If the government’s response to the scourge of Boko Haram is illogical – and it is – then we must ask why this is so. The answer is complicated, but can be reduced to a simple form: Nigeria as an idea is essentially up in the air, a vexed, unsettled proposition.

The reason there’s such hullabaloo about negotiating with Boko Haram has to do with the militant sect’s massive deployment of violence. Violenc

e gets attention. That explains all the scurrying about to engage Boko Haram – or even to present a front of doing so. After all, Jonathan has done nothing to address the grievances of Nigerians who desire greater transparency and accountability in governance. He has shown nothing but disdain for those asking that he declare his assets, an altogether ordinary demand. He has disregarded calls by recognizable Nigerians – not shadows or ghosts – for a real, institutional fight against corruption, or the enthronement of democratic practices. If Mr. Jonathan won’t negotiate in good faith with men and women with faces and fixed addresses, why should Boko Haram take him seriously when he pledges to address their grouses – on condition that they remove their masks, don babarigas and show up at a table?

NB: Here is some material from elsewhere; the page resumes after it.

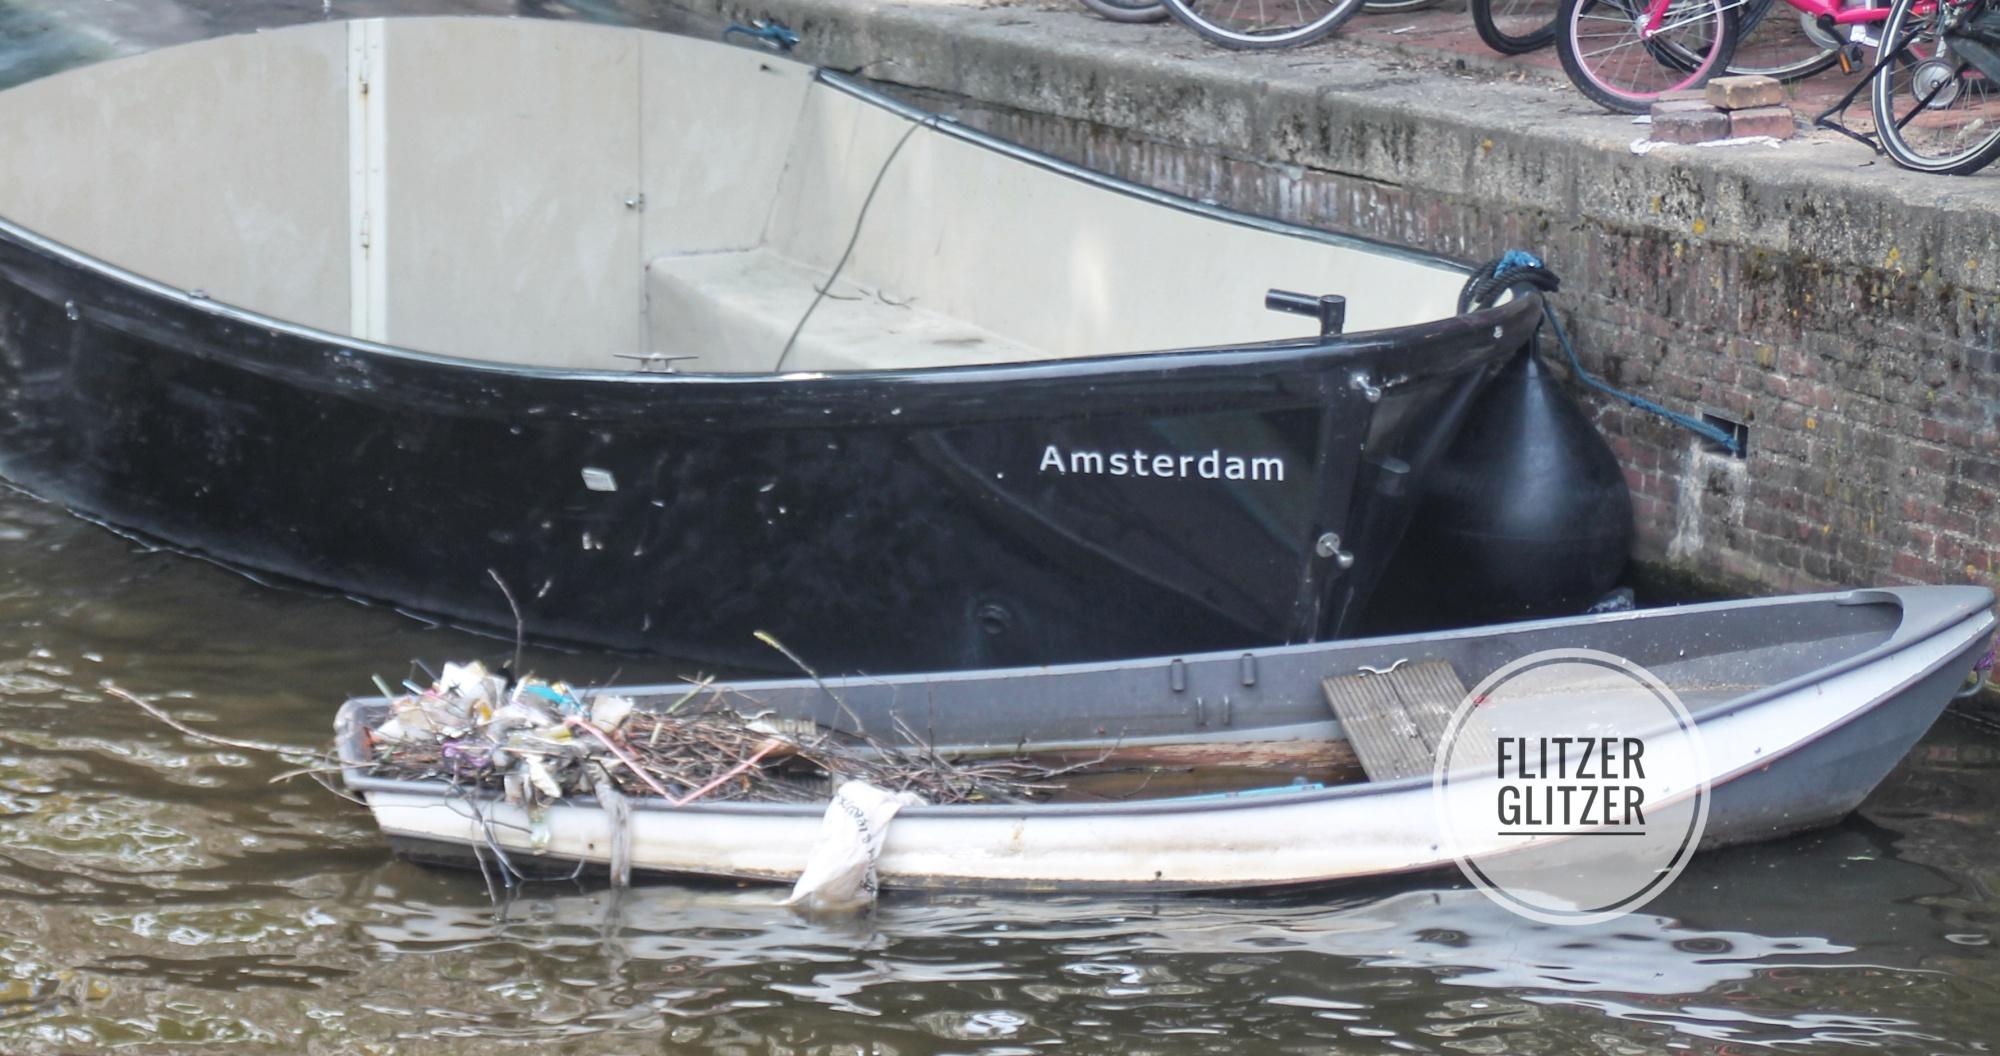 Das Bild zeigt ein kleines schwarzes Fischerboot, das auf den Namen Amsterdam getauft und original mit diesem Namen beschriftet ist. Davor ein noch kleineres abgewracktes Paddelboot in dem sich ein Vogel aus Ästen und allerlei Müll ein Nest gebaut hat.

In the end, the incoherence of the government’s current policy bespeaks a larger problem. The whole question of Nigeria is what needs to be negotiated – in a wide conversation that must involve all interests within the Nigerian space. Any piecemeal negotiation, say with Boko Haram, is ultimately useless. Tomorrow, any group is liable to arise, with its own tablet of grudges, with its own army of “faceless, anonymous and ghost-like” flame throwers. And then a space that ducks the fundamental task of negotiating the terms of its existence as a nation will find itself trapped in yet another vicious, Sisyphean battle with familiar foes. And we’ll be caught in the contradiction of looking at ourselves in the mirror and seeing ghosts.